Robert Moor’s debut book, On Trails, should be read by anyone who has spent time following a
footpath through the woods. On Trails trips through natural history, anthropology, gonzo
reporter’s adventures, and memoir in a ramble that unpacks the many meanings of the routes
we humans and other animals sketch on the land. “To deftly navigate this world,” he writes
near the start of the book, “we will need to understand how we make trails, and how trails
make us.”

In this excerpt from Chapter 5, Moor recounts Henry David Thoreau’s now-famous ascent of
Maine’s Mt.

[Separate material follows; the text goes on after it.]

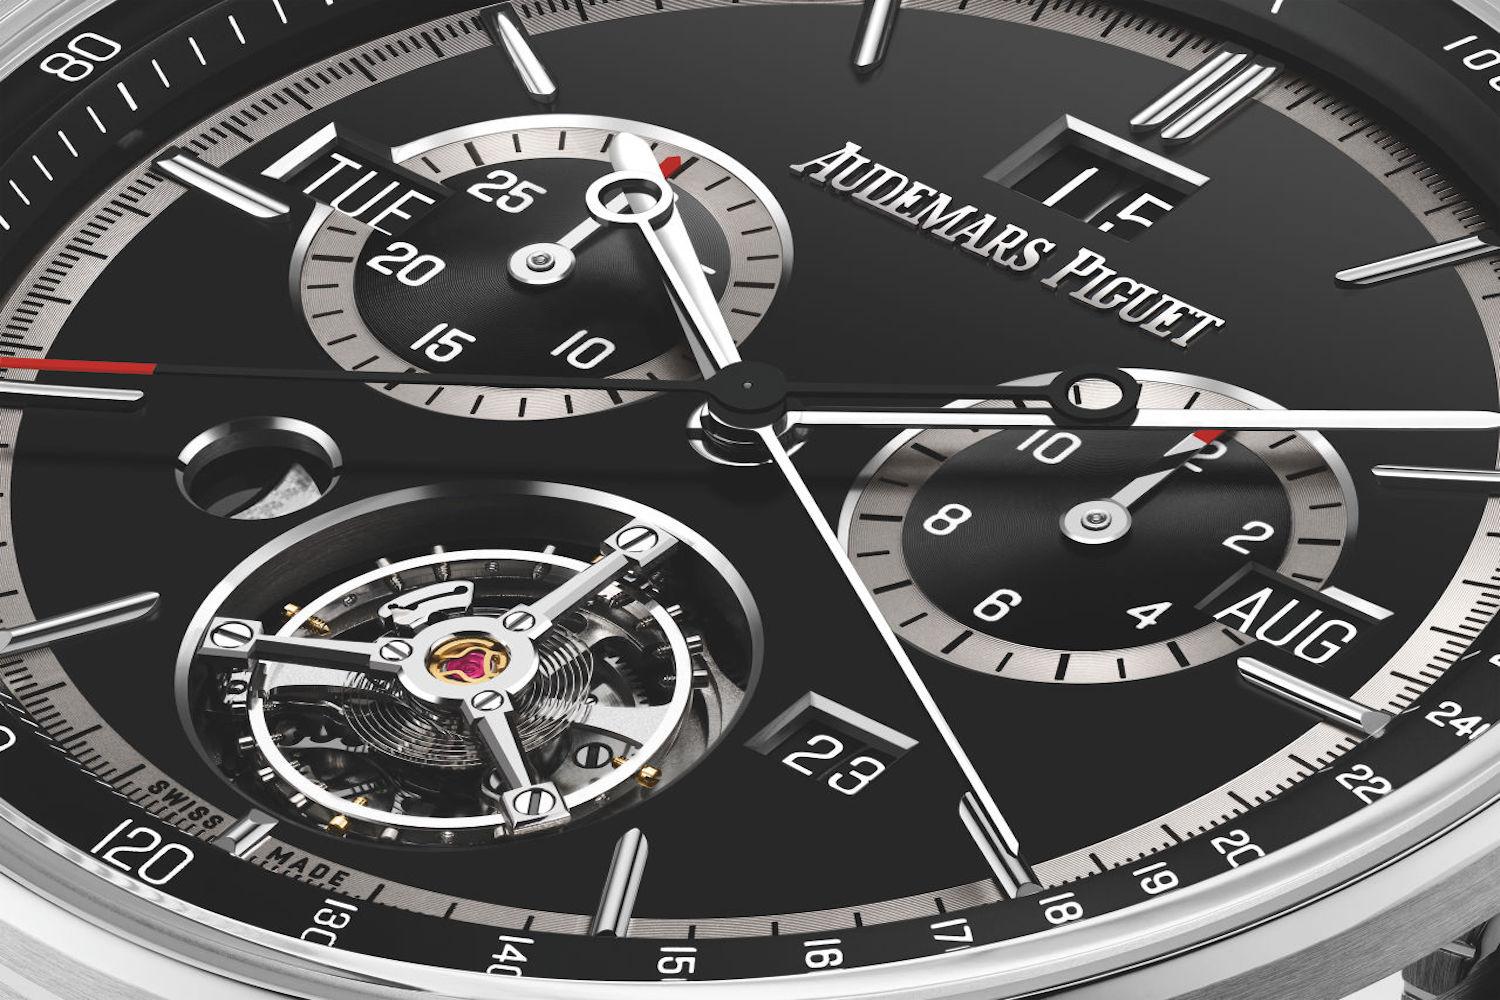 Audemars Piguet Release Their Most Complicated Watch Ever – As Well As Other Exciting Goodies

Katahdin—and Thoreau’s near-meltdown on coming into contact with the raw earth
—and then launches into a meditation on wilderness.

—Jason Mark

In 1846, Henry David Thoreau made a failed bid to climb Mt. Katahdin, the highest peak in the
state of Maine. He and two companions made their way to its base by canoe, guided by an old
Indian man named Louis Neptune, who advised Thoreau to leave a bottle of rum on top of the
mountain to appease the mountain spirit. On their climb, Thoreau and his companions
followed moose trails and scrambled cross-country. In one harrowing instance, while crawling
over the flattened tops of the black spruce trees that had grown up between the mountain’s
massive boulders, Thoreau looked down to find that below him, in the crevices, lay the
sleeping forms of bears. (“Certainly the most treacherous and porous country I ever traveled,”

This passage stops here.